Repubblica. Mancano almeno 10 miliardi per coprire la seconda manovra del governo Meloni. Non basta il maggior deficit appena creato nella Nadef, quattro volte più alto di quanto lo stesso esecutivo prevedeva in aprile: 16 anziché 4 miliardi. Nei prossimi venti giorni Palazzo Chigi darà la caccia ad altre risorse. Non sarà facile, perché le strade rimaste sono due: tagliare le spese o alzare le tasse. Complicato farlo senza scontentare alleati e contribuenti. E mantenendo la promessa, esplicitata dal ministro dell’Economia Giancarlo Giorgetti, di non aggiungere condoni, come la voluntary disclosure .
Anche perché il quadro non è dei più sereni. Lo ammette la stessa Nadef, la Nota sui conti pubblici approvata giovedì dal Cdm. In un focus si simulano quattro scenari avversi, pesando l’effetto di una frenata del commercio mondiale, del rialzo dei tassi, del prezzo del petrolio e dell’euro forte. Se ci fossero impennate, la crescita dell’Italia, prevista all’1,2% l’anno prossimo, potrebbe accusare cali dallo 0,1 allo 0,4%. Non poco.
Motivo in più per cercare coperture solide. Il ministro dell’Economia Giancarlo Giorgetti ha detto che dai ministeri si aspetta non un miliardo e mezzo, ma due miliardi di tagli. Solo due o tre dicasteri hanno già risposto. «Il lavoro che non hanno fatto lo farà il ministro dell’Economia», promette Giorgetti, novello “mister Forbici”. Se quindi sappiamo chi giocherà il ruolo del “cattivo”, sappiamo pure chi si intesterà il ruolo di guastatore, a partire dal Ponte sullo Stretto che il vicepremier leghista Matteo Salvini vuole a tutti i costi veder finanziato, anche con una “fiche” simbolica, in manovra.

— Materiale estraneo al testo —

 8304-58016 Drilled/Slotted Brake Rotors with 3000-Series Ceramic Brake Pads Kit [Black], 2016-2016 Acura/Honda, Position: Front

“Fiche” tutt’altro che indolore, se come pare attorno ai due miliardi. I tecnici del ministero dell’Economia e i collaboratori del ministro della Coesione Raffaele Fitto valutano di coprirla con le risorse nazionali del Fondo di sviluppo e coesione, visto che si tratta di un’opera al Sud e per il Sud. Tutto si tiene. Accontentato sul Ponte, saràforse più facile indurre Salvini a più miti consigli sul condono edilizio, la sanatoria per le piccole infrazioni che però piace tanto pure a Forza Italia che la chiama «rigenerazione urbanistica».
Se dunque sarà una manovra da 25–26 miliardi e 15,7 sono garantiti dal maggior deficit, bisogna come detto trovarne almeno altri dieci. La spending dei ministeri non basta, perché di quei 2 miliardi evocati da Giorgetti l’anno prossimo in bilancio ne sono segnati 800 milioni, il resto si riferisce a precedenti annualità. Da gennaio entra in vigore la Global minimum tax al 15% sui giganti del tech: il viceministro all’Economia Maurizio Leo potrebbe cifrare un primo introito, ci conta: almeno 1-2 miliardi. Come pure spetterà a Leo mettere nero su bianco quanto pensa di cominciare ad ottenere dal concordato preventivo biennale, l’accordo con le partite Iva sulle tasse da pagare in base a una stima del loro fatturato. Sempre nel “portafoglio” di Leo ci sono le tax expenditures, la selva di bonus fiscali e detrazioni che sarà appena potata di un miliardo, assicura Leo, per non dare e poi togliere, vanificando il doppio taglio di cuneo e Irpef a favore di lavoratori e ceto medio.
Il bacino delle pensioni rimane ancora tentatore per il ministro Giorgetti. Dal taglio dell’indicizzazione l’anno scorso si è garantito 10 miliardi netti in tre anni. Le nuove simulazioni Inps non entusiasmano perché, colpendo un po’ più su dei 2.100 euro lordi al mese e tenuto conto che l’inflazione da coprire è più bassa, il gettito non è eccezionale. Ma non si sa mai.
Un’altra fonte di risorse potrebbe venire dai giochi. Tre strade: le nuove concessioni sul gioco online, le vecc hie sul gioco fisico da prorogare fino al 2026, la tassa sulle vincite. Fuori dai radar sia la sugar tax che la plastic tax. Il governo non vuole farle scattare il primo gennaio. C’è poi la tassa sugli extraprofitti delle banche, ma pare già molto sgonfia.